Abstract

In this paper, the performance of indoor OFDM (orthogonal frequency division multiplexing) optical wireless (OW) communication systems in the presence of LED (light emitting diode) clipping distortions is analyzed. Two indoor OW OFDM techniques are considered. An ACO-OFDM (asymmetrically clipped optical OFDM) system produces half-wave symmetry time signal at the output of the OFDM modulator by special assignment of subcarriers. Therefore, bipolar-unipolar conversion is achieved by clipping the signal at the zero level at the expense of data rate reduction. The second technique, called DCO-OFDM (DC-biased optical OFDM), assigns data to all possible subcarriers to increase the data rate. However, half-wave symmetry signals cannot be achieved and a DC bias is needed to convert the bipolar signal to a unipolar signal before modulating the LED intensity.
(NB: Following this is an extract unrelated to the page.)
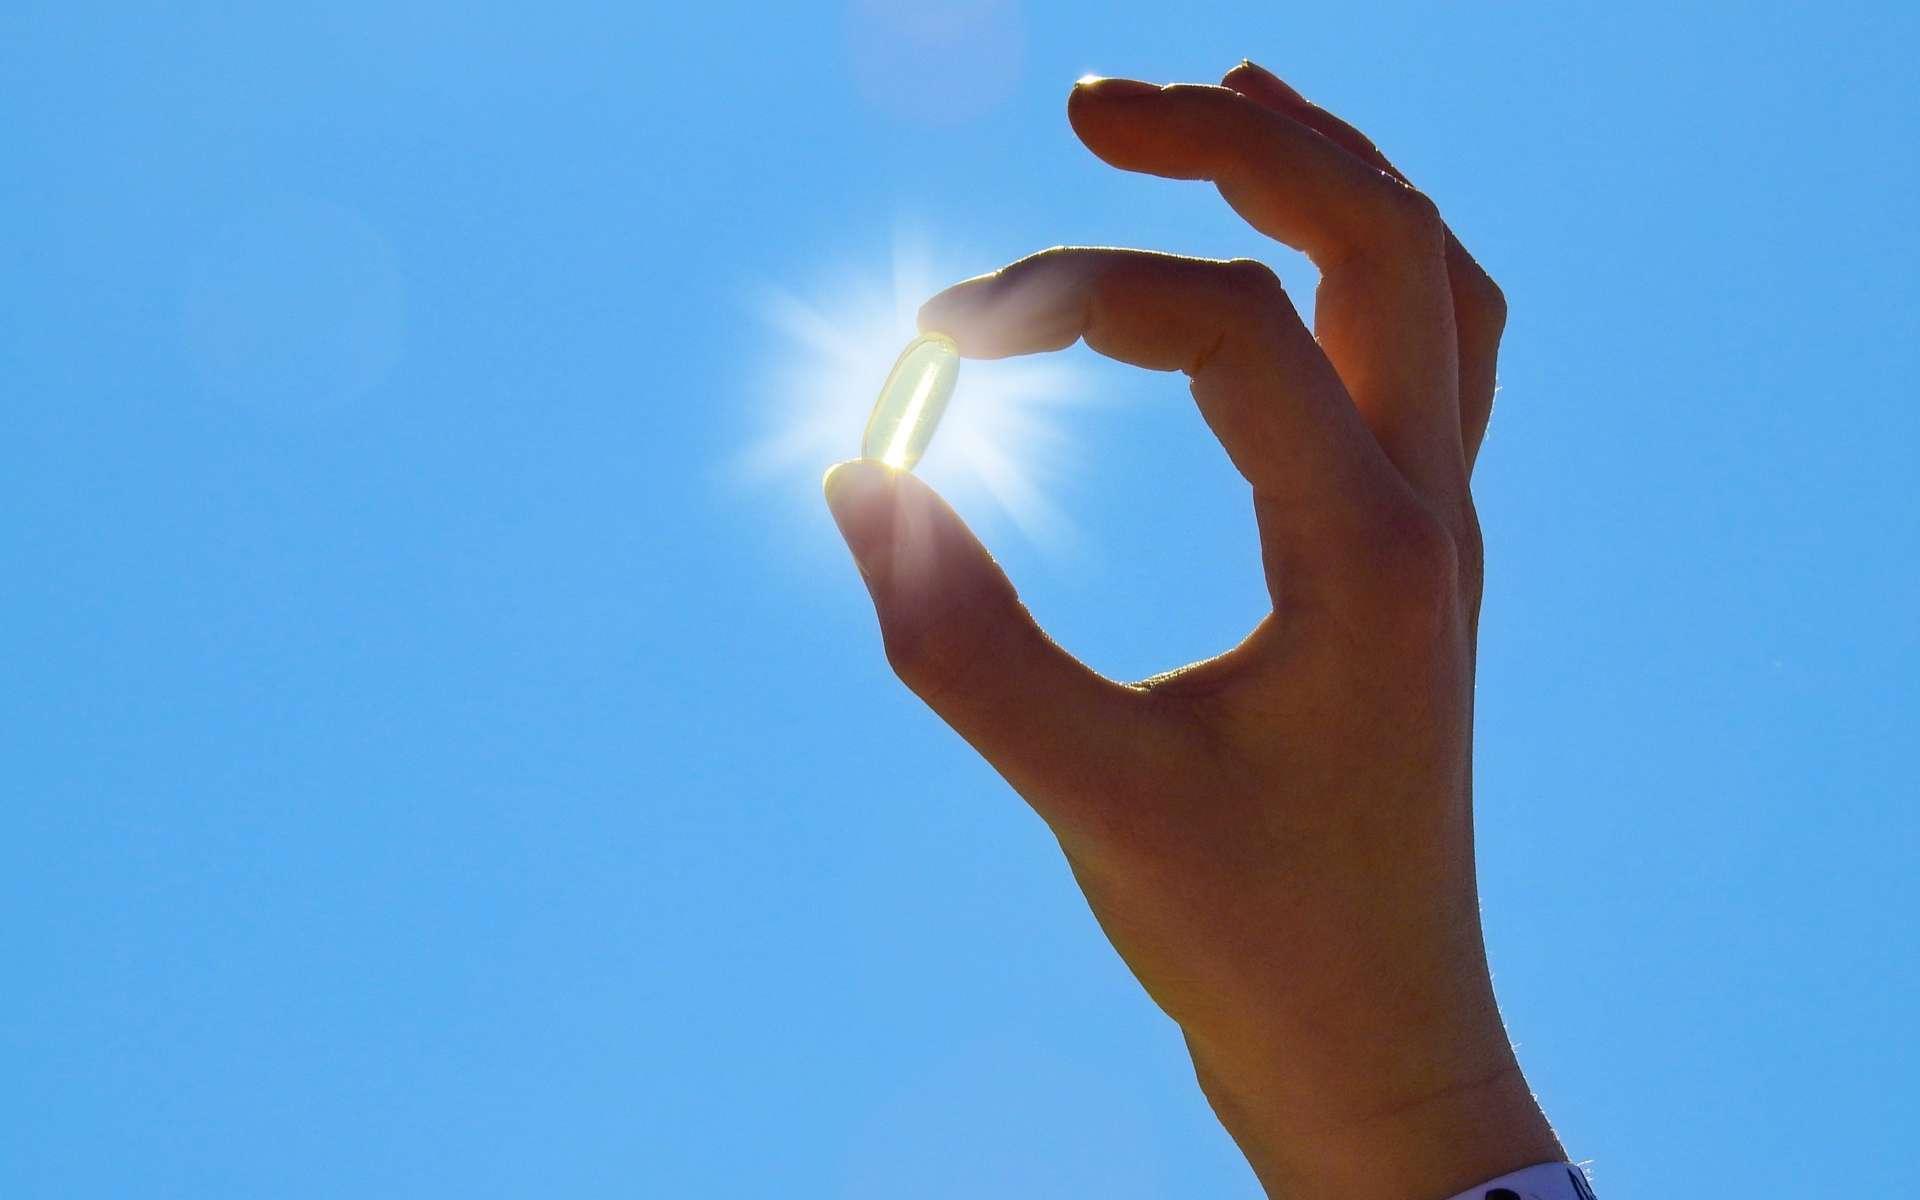 La vitamine D est-elle efficace dans le cadre de la Covid-19 ? © ExQuisine, Adobe Stock

The performance of these systems, in terms of average electrical OFDM signal power versus bit-error-ratio (BER), DC power consumption, and transmitted optical power in the presence of additive white Gaussian noise (AWGN) channel and considering a practical LED model, are studied. Analytical results are validated through Monte Carlo simulation results and the results demonstrate close match. The results clearly highlight that LED clipping has significant impact on the performance of these systems and system design should consider optimizing the OFDM signal power, DC bias point, and LED dynamic range.